Monitoring and data quality tool for the SSH Open Marketplace (SSHOMP) — a catalog of tools, datasets, publications, workflows, and training materials for the Social Sciences and Humanities.
- Fetches a full snapshot of all public Marketplace items weekly via the REST API
- Checks each item against a metadata completeness profile and scores it (0–100)
- Identifies items with missing recommended fields (description, keywords, license, etc.)
- Checks HTTP status of
accessibleAtURLs - Generates an interactive HTML dashboard for reviewing metadata completeness
sshompitor/
├── sshmarketplacelib/ # Core Python library
│ ├── mpdata.py # Marketplace API client, item fetching
│ ├── helper.py # Data analysis utilities, metadata validation
│ └── eval.py # URL checking (sync + async)
├── scripts/
│ ├── fetch_full_items.py # Fetch all items → data/full_items_<ts>.json
│ ├── process_props.py # Expand/flatten properties column
│ ├── check_recommended_Md.py # Validate metadata completeness per item
│ ├── visualize_data.py # Generate HTML dashboard
│ └── checkURLs.py # HTTP-check all accessibleAt URLs
├── .github/workflows/
│ ├── weekly-dump.yml # Fetch + commit snapshot (Mon 03:00 UTC)

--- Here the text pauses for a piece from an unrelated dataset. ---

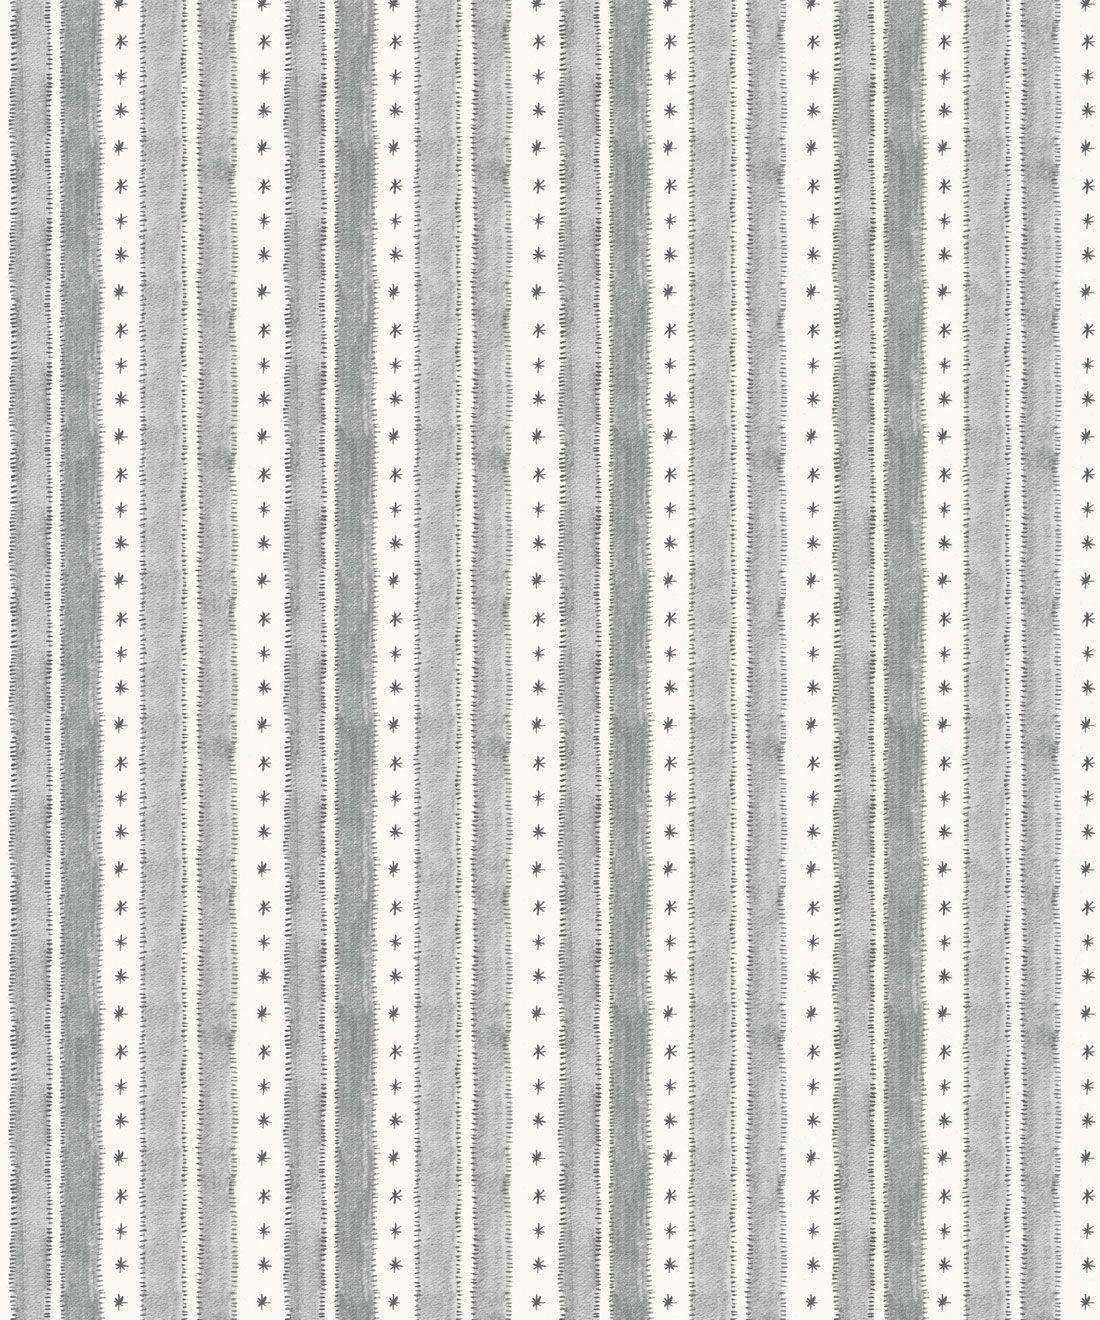 Star Stripe Wallpaper • Charcoal • Swatch

│ ├── create_dashboard.yml # Full pipeline: props → MD check → dashboard (triggered by dump)
│ ├── stats_daily.yml # Lightweight daily item counts per category/source
│ ├── process_props.yml # Manual trigger only
│ ├── check_recommended_md.yml# Manual trigger only
│ └── category_data.yml # Daily per-category fetch → artifact
├── data/
│ ├── full_items_<ts>.json # Weekly snapshots (all categories, flat records)
│ └── processed/
│ ├── full_items_expanded_<ts>.json # With prop_counts column added
│ └── full_items_MDcheck_<ts>.json # Items with missing fields + score
├── dashboard_output/
│ └── metadata_dashboard_table_<ts>.html # Weekly dashboard (committed)
├── config.yaml # API endpoints and category config
├── requirements.txt
└── setup.py
The main pipeline runs every Monday, triggered by the completion of the data dump:
weekly-dump.yml (Mon 03:00 UTC)
→ fetches all items from API
→ commits data/full_items_<ts>.json to main
create_dashboard.yml (triggered on dump completion)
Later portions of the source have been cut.